Хайна получила нагоняй совершенно без причин — она никогда прежде не укладывала княгиню в постель и не одевала утром, так что понятия не имела о ее ночных привычках. Хотя, как первая Жемчужина Дома, она должна была знать обо всем.
— Да, ваше высочество, — сказала она. — Компресс на голову…
— Нет, уже не хочу.
Жемчужина забрала платье, драгоценности и как можно быстрее убежала.

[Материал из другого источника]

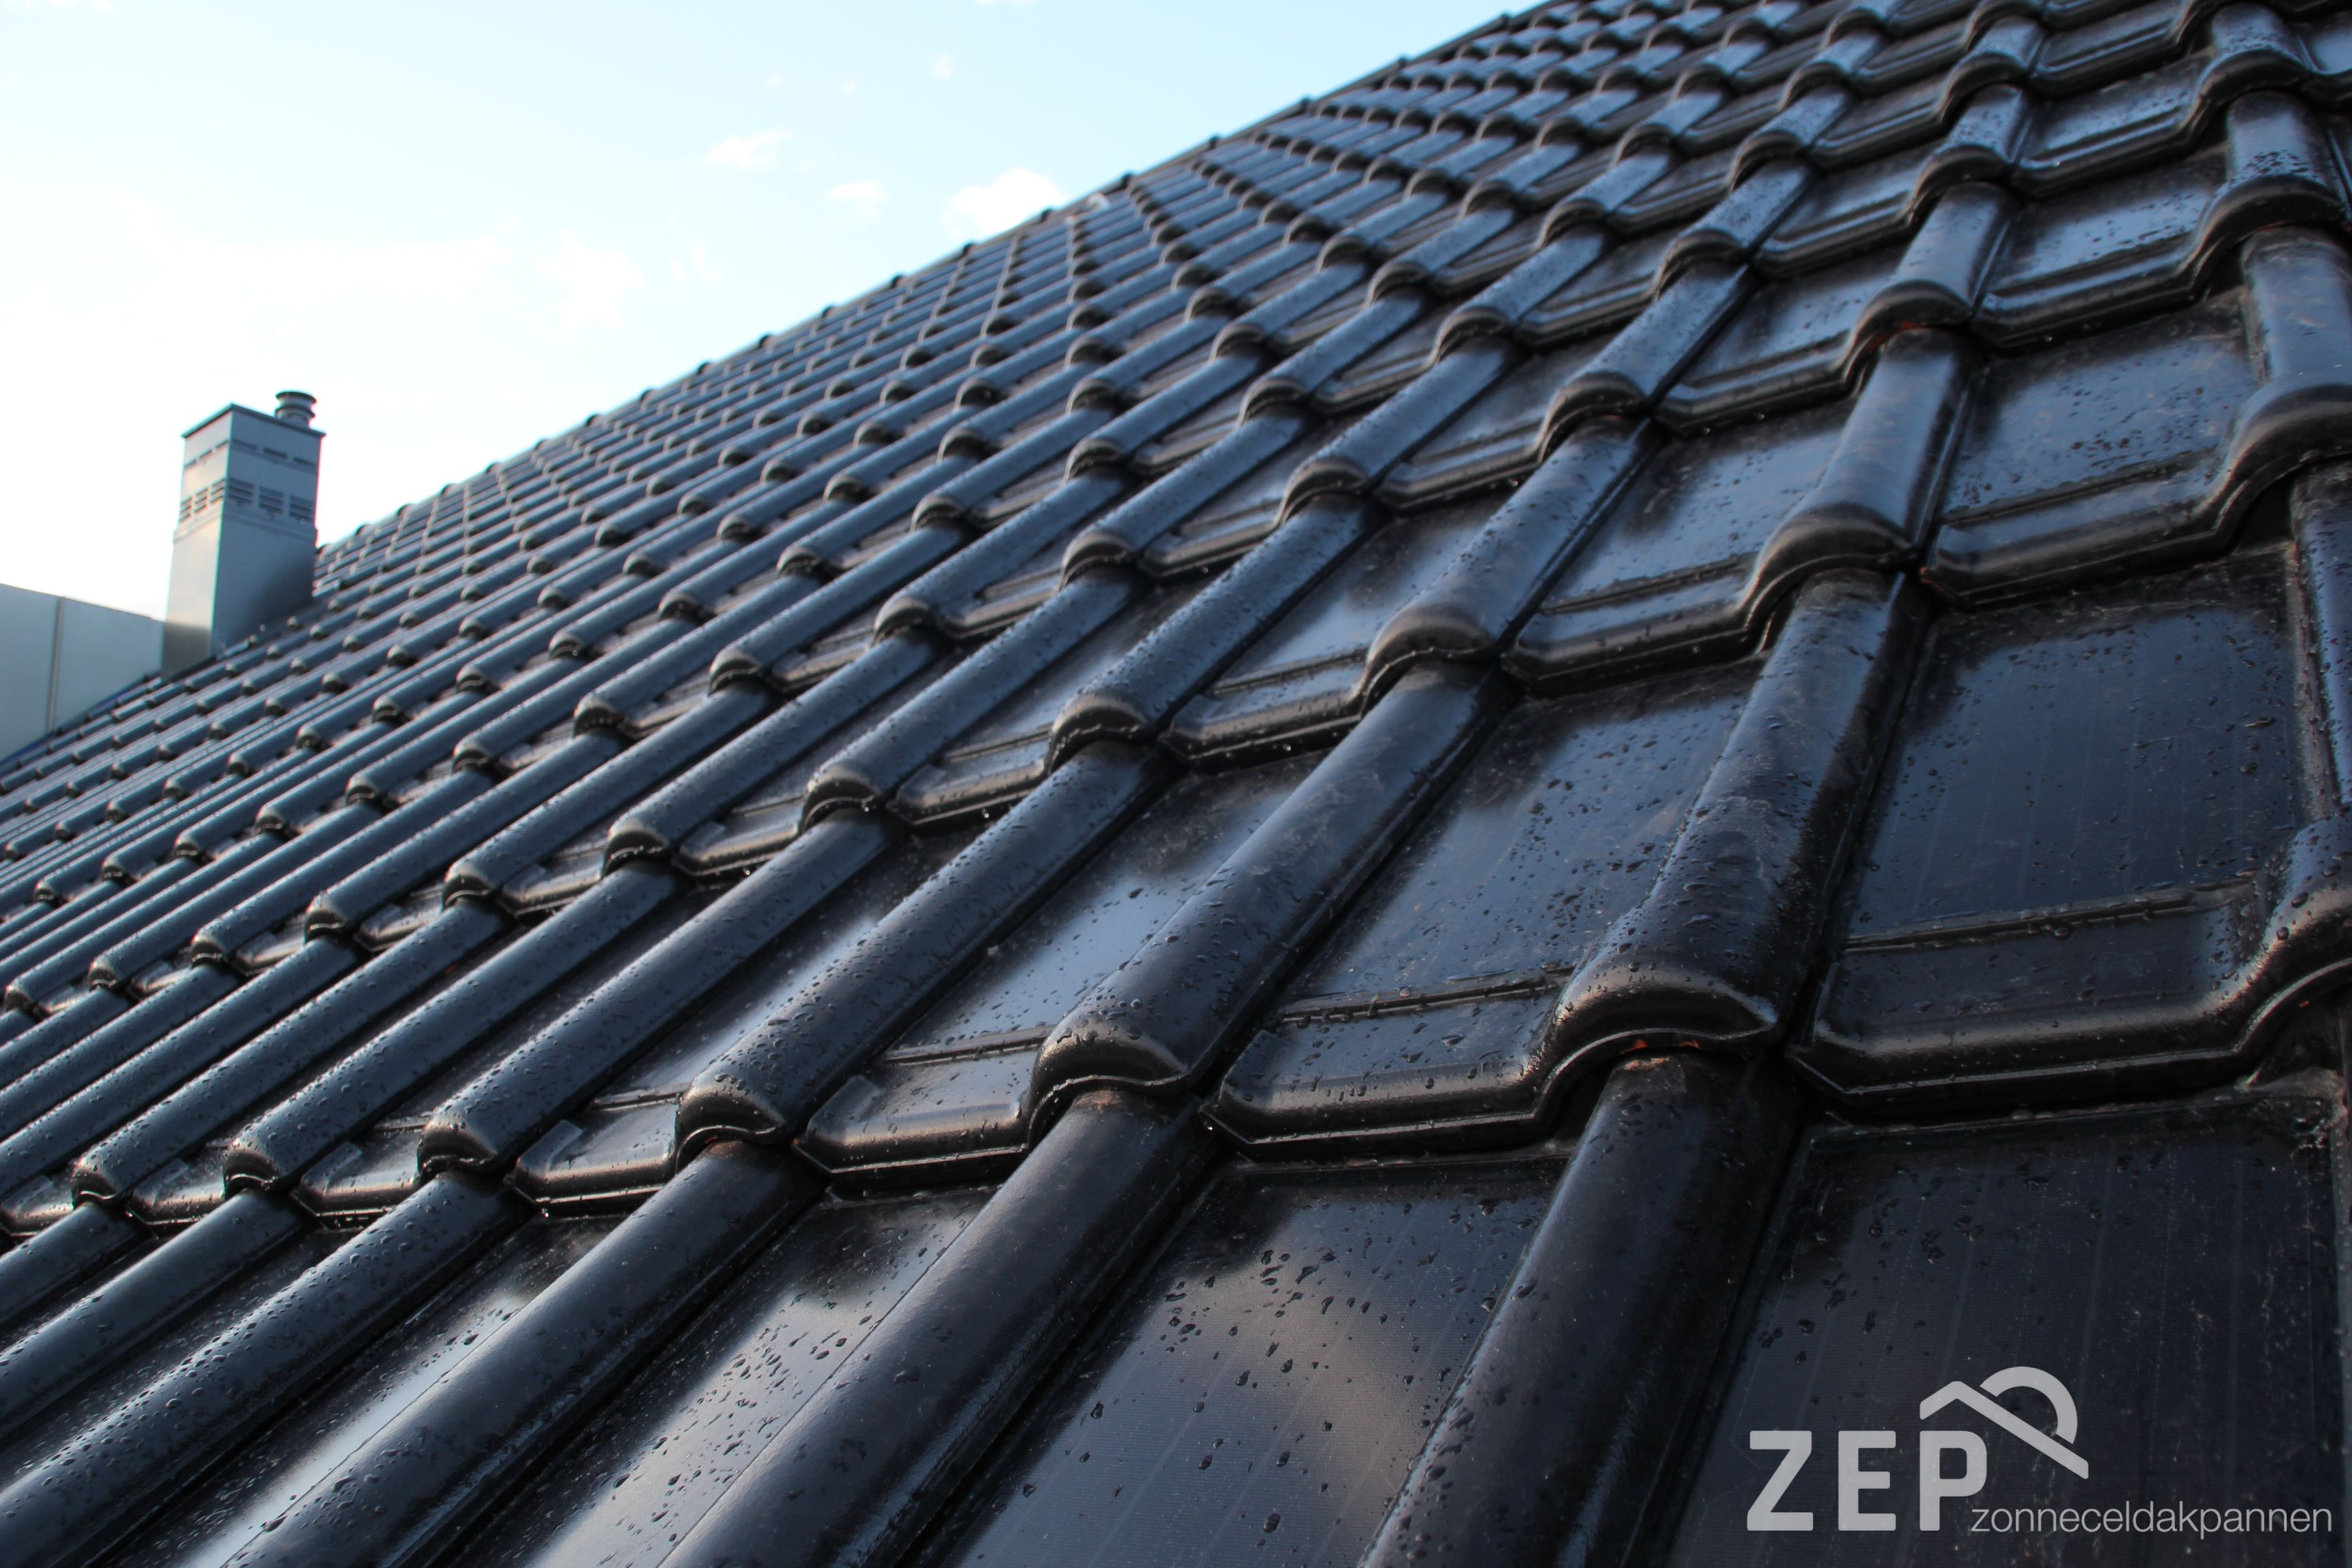 ZEP zonneceldakpannen - WoonwijzerwinkelWoonwijzerwinkel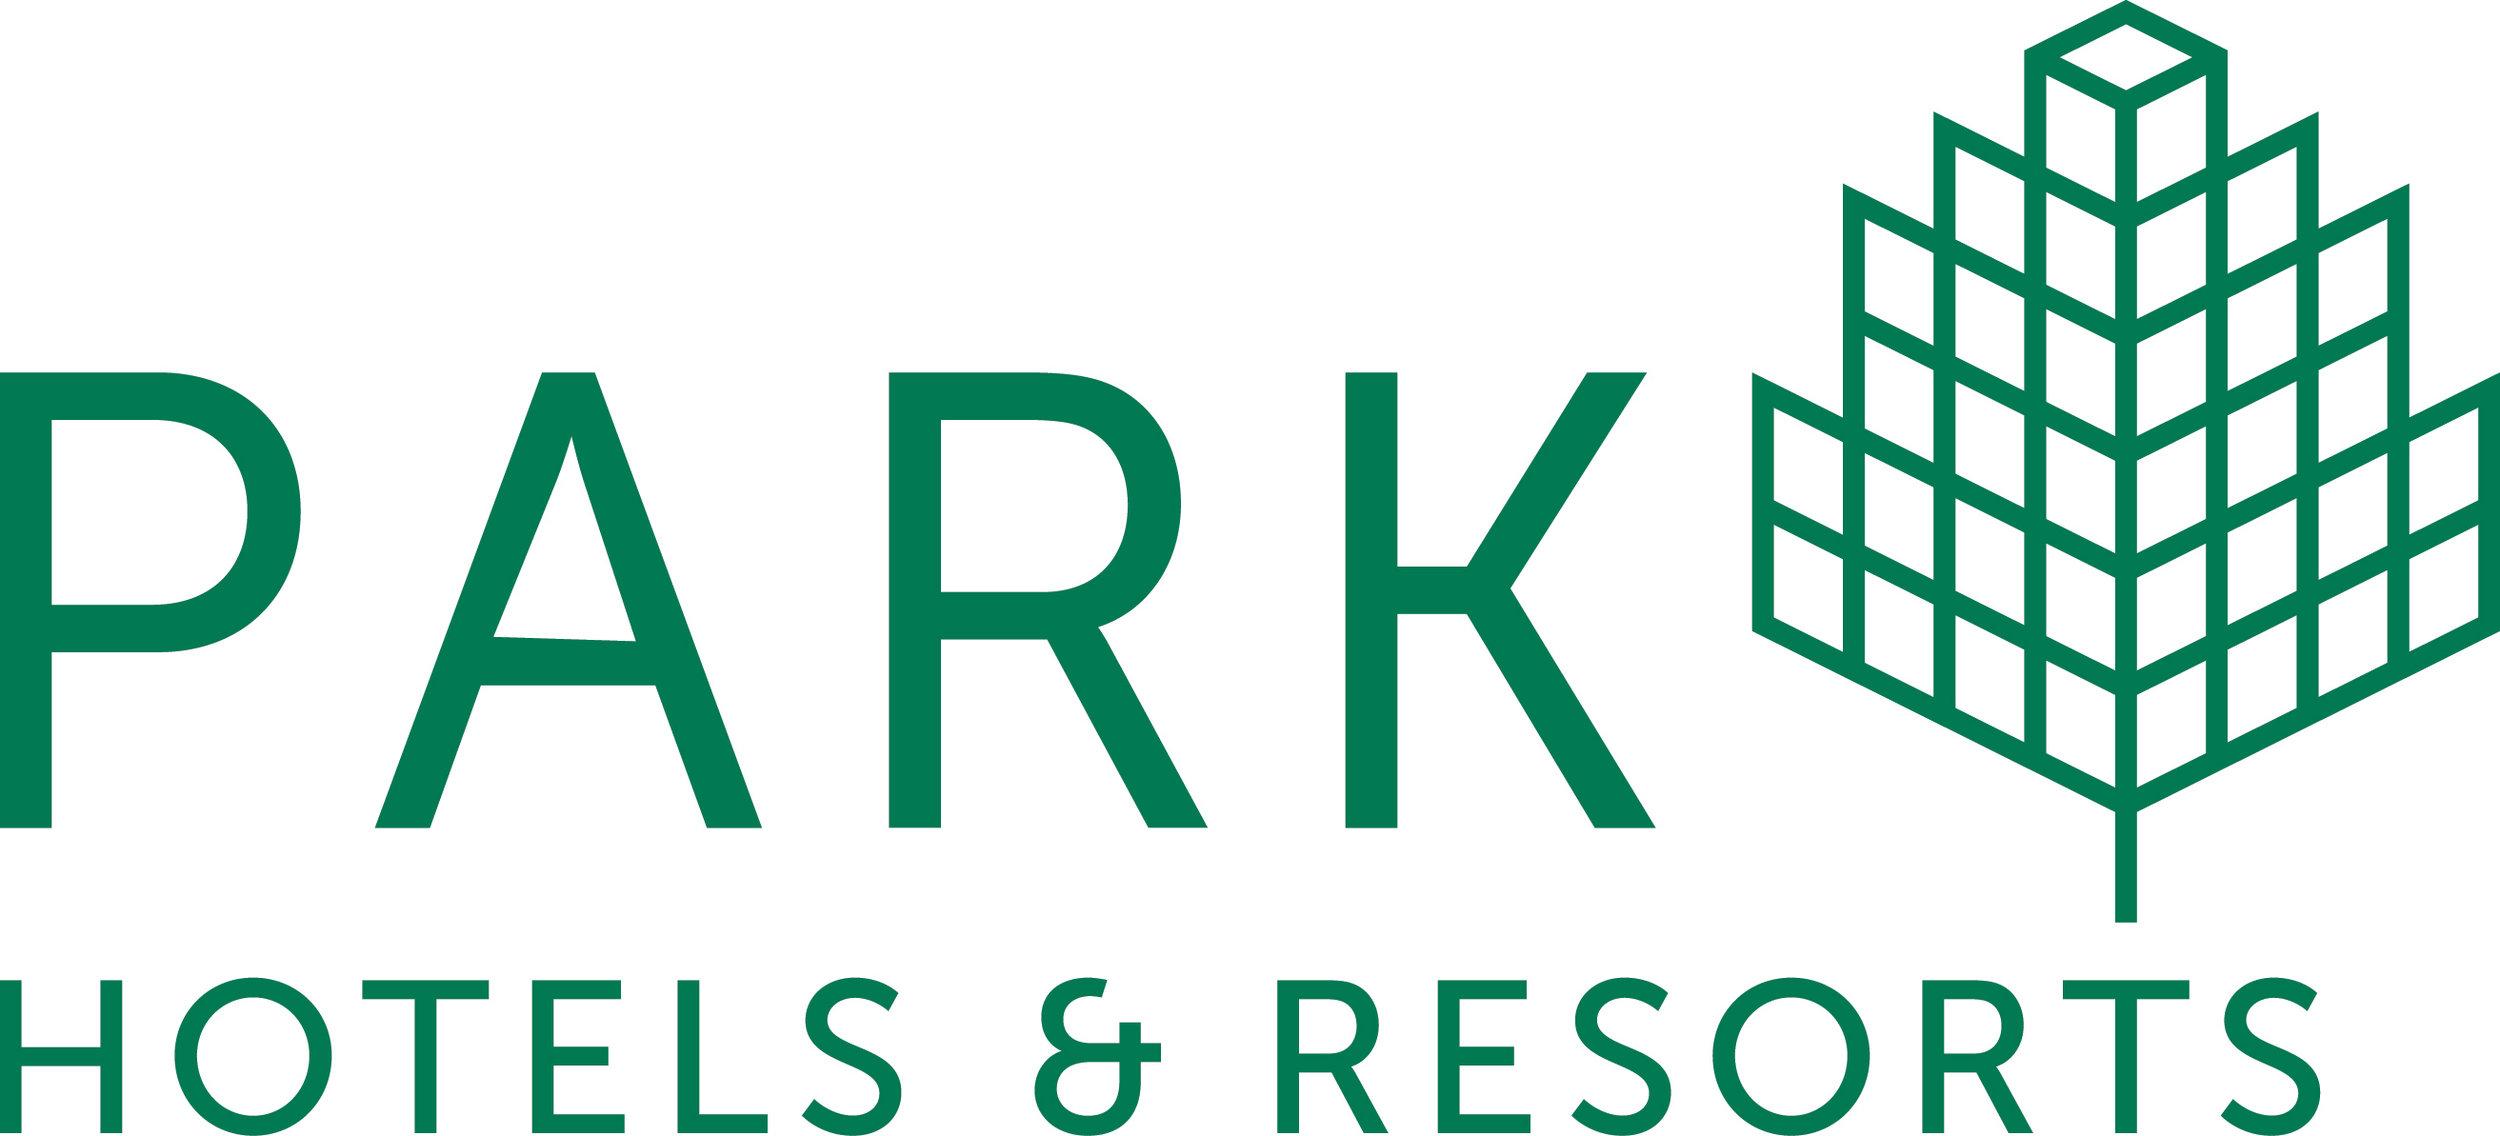 Park Hotels and resorts.jpg

Эзена с облегчением упала на постель.
Все произошло в течение одних суток. Погиб К. Б. И. Денетт. Анесса… единственная подруга, оказалась… Анессы больше не было. Приехали гвардейцы. И мудрец Шерни. Законы всего, пророчества, значения, равновесие. Разгневанная подсотница, из черных глаз которой готовы были вылететь стрелы, — та, которой следовало опасаться. «Да, это угроза и шантаж». «Полосы и Пятна Шерни. Но каждый вопрос несет в себе некое содержание, ты оставишь эти вопросы и закладки в тех местах, где будешь искать ответы». Разоруженные солдаты Денетта на постоялом дворе. «Что-то закончилось, Анесса, не чувствуешь? Уже бегут гонцы…» Трещина Шерни. «Ты не боишься смерти, мудрец?» «Думаешь, ваше высочество, что узнаешь о чем-то настолько важном?»…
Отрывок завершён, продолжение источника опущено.